Tigre de papier

En qualifiant la Russie de « tigre de papier », une formule utilisée autrefois par Mao Zedong pour désigner son propre pays, les États-Unis d’Amérique, Donald Trump a, semble-t-il, visé juste. La formule a fait mouche si l’on en juge par les réactions du Kremlin, qui s’est évertué à réfuter les déclarations du président américain, qui a pris ses distances avec son homologue russe. Selon Trump, la Russie serait mal en point sur le plan économique, et sa situation financière en serait très affectée si les Européens cessaient de lui acheter du pétrole et du gaz pour se fournir aux États-Unis, ce qui est factuellement exact.

D’ailleurs, la Russie ne serait pas vraiment une superpuissance militaire, puisqu’elle s’est montrée incapable de conquérir le territoire ukrainien, en particulier Kiev, la capitale, dès sa première offensive et que depuis elle ne grignote que quelques kilomètres carrés sur son adversaire, là où Trump prétend qu’il suffirait d’une semaine pour achever la conquête. Emporté par un optimisme de fraîche date, Donald Trump imagine que les Ukrainiens, si les Européens leur achètent les armes américaines dont ils ont besoin, pourraient même gagner la guerre, et récupérer les territoires occupés illégalement par la Russie. Nous n’en sommes pas encore là, tant s’en faut. Poutine a effectivement dû constater que la résistance ukrainienne ne lui permettait pas pour le moment de mener une guerre de conquête à grande échelle, il doit donc s’adapter et il cherche visiblement à user ses adversaires en menant en réalité une guerre de terrorisme d’état.

Officiellement, et pour des raisons de propagande, les attaques aériennes de drones et de missiles envoyés journellement sur le territoire ukrainien ne visent que des objectifs militaires, ce qui est manifestement faux puisque ce sont essentiellement des immeubles résidentiels qui sont touchés.

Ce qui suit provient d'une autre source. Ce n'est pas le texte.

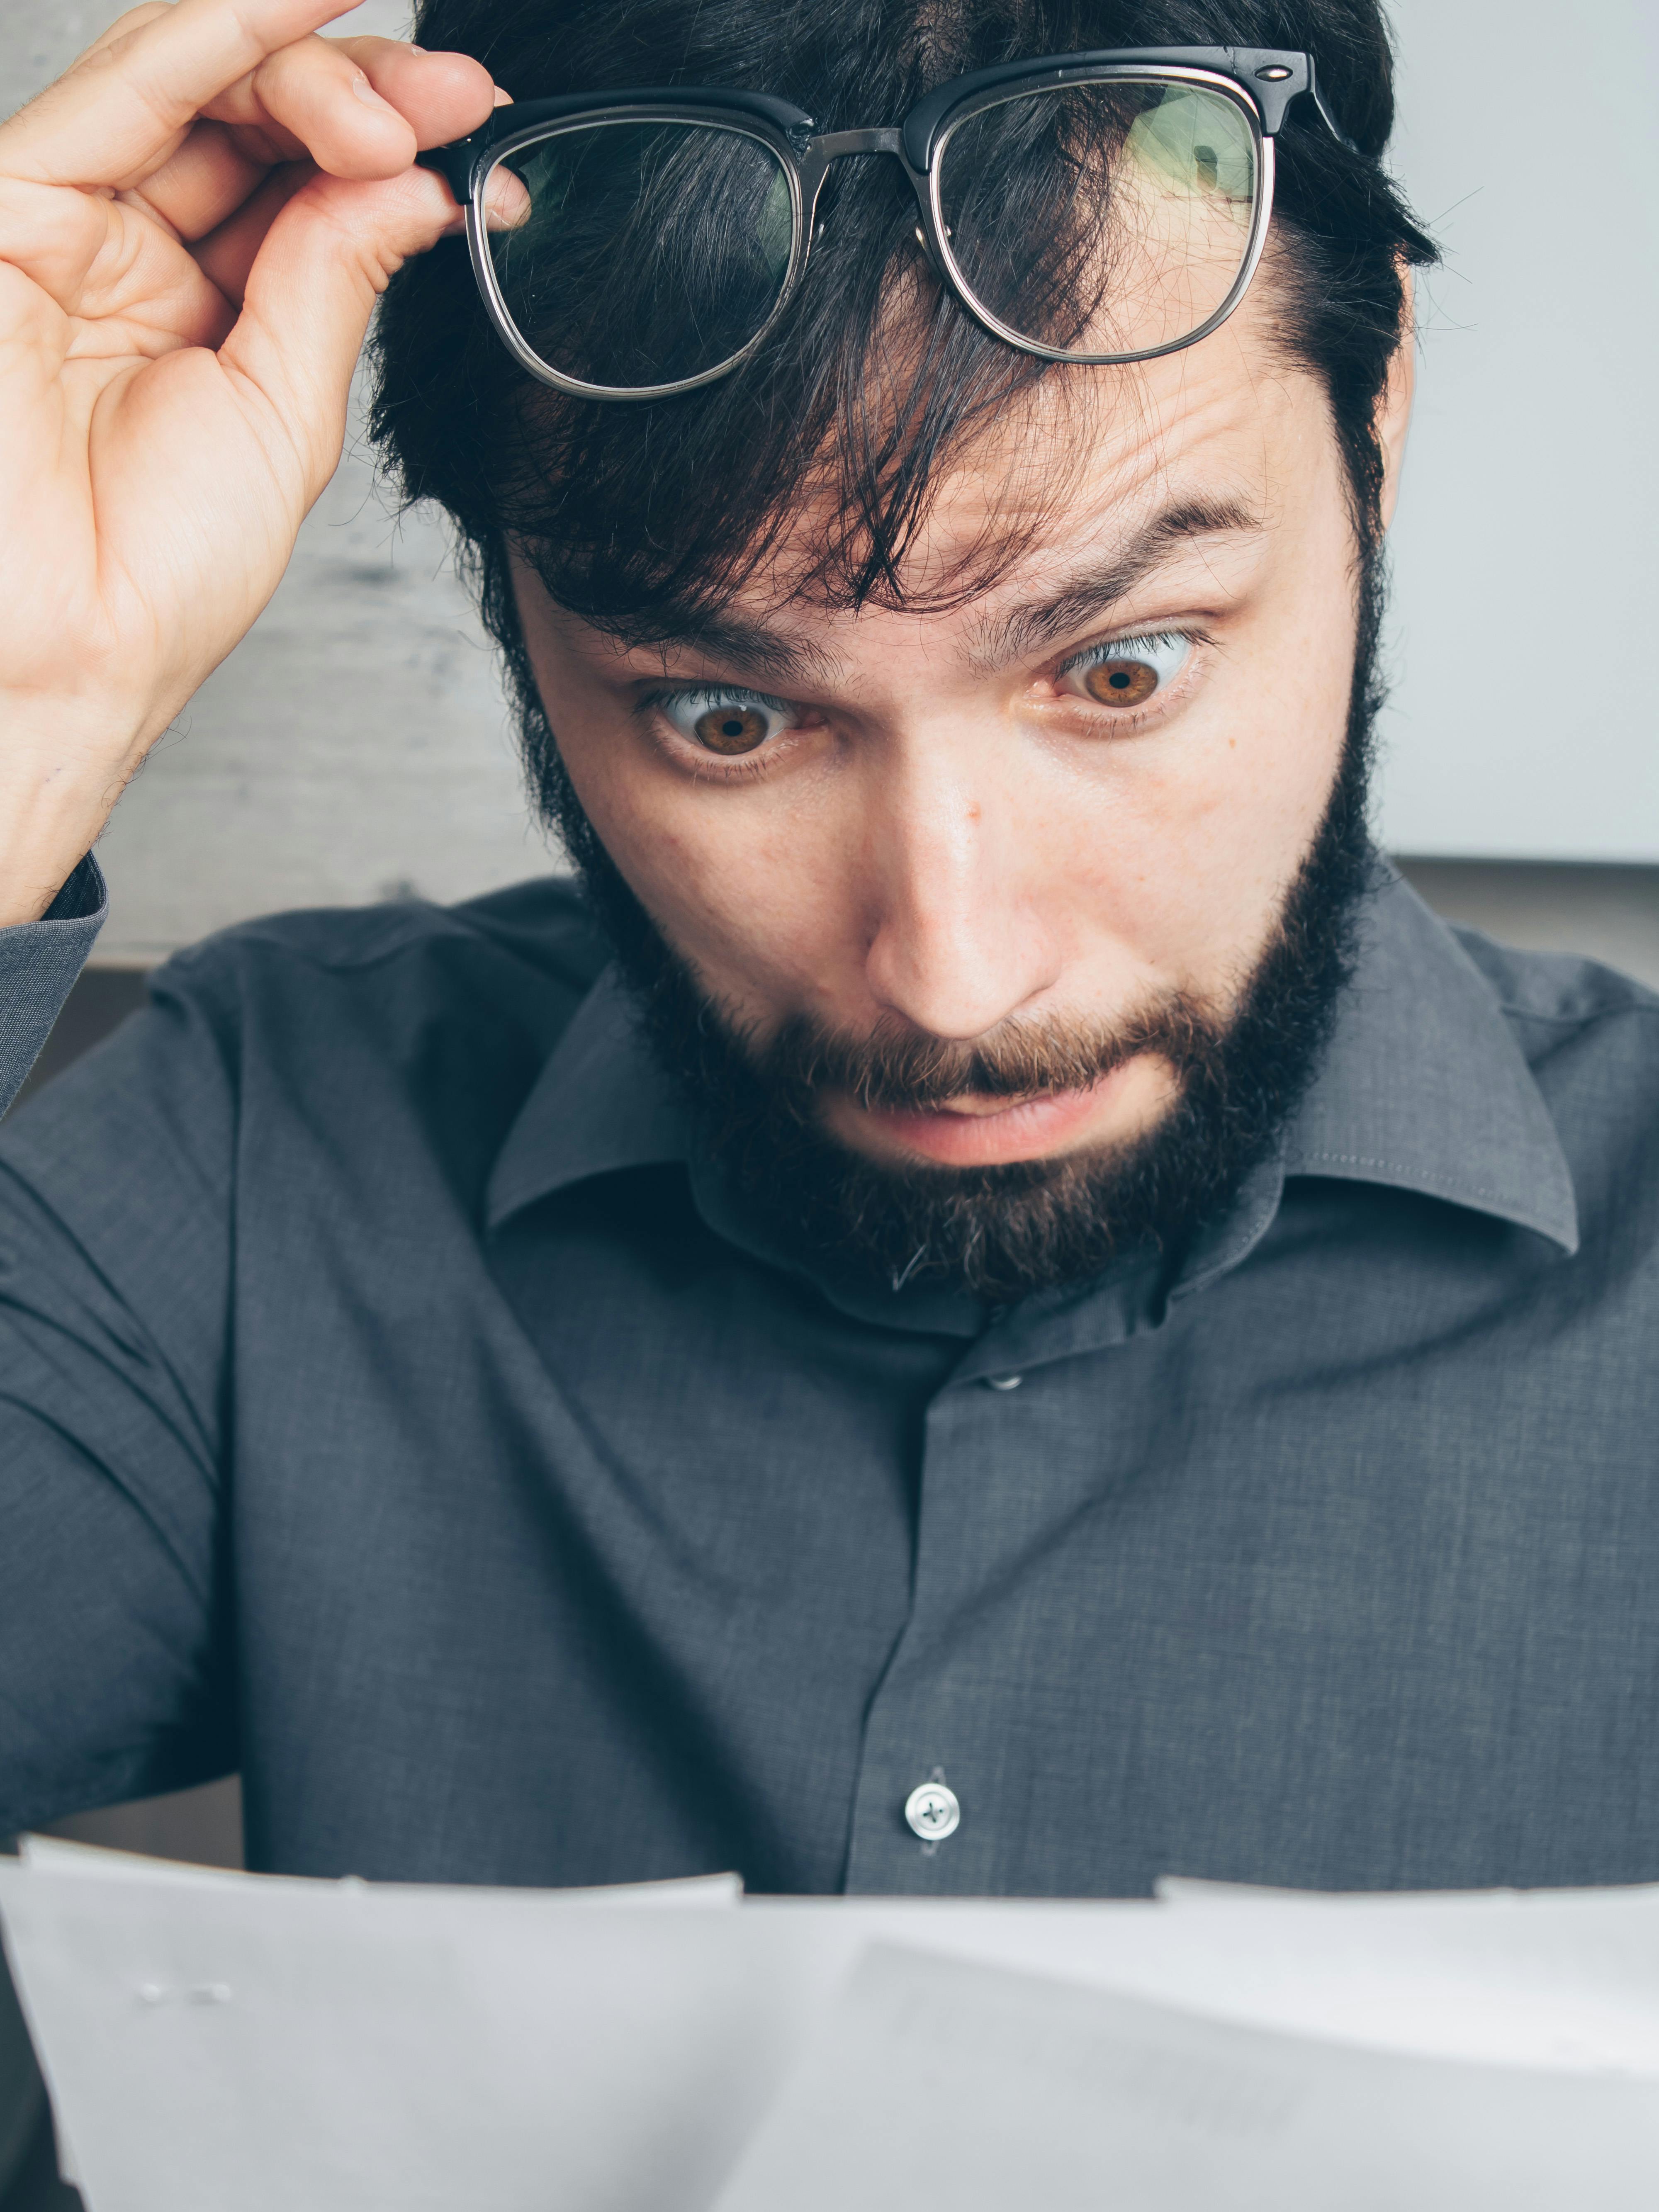 A shocked man reading a letter | Source: Pexels

Le but recherché est clairement de terroriser les populations civiles, puisque les pertes occasionnées ne touchent que très peu de combattants en réalité, et visent à démoraliser les habitants de ces quartiers résidentiels. Pour le moment, cette stratégie russe n’a fait que renforcer la détermination ukrainienne, mais il serait dangereux de sous-estimer la capacité de nuisance de Poutine, qui a visiblement plusieurs fers au feu. Les récentes incursions dans l’espace aérien de pays membres de l’OTAN en sont une illustration. La Russie teste les capacités de réaction de ces pays, qui se sont contentés de mises en garde, alors que le Kremlin feint d’être l’agressé et menace d’une riposte à une fausse attaque. Les pays occidentaux, et notamment européens, doivent se tenir prêts à une nouvelle agression russe, sous n’importe quelle forme possible, au moment où Donald Trump souhaite bonne chance aux deux belligérants et se pose en commerçant pacifiste, à l’écart de la mêlée.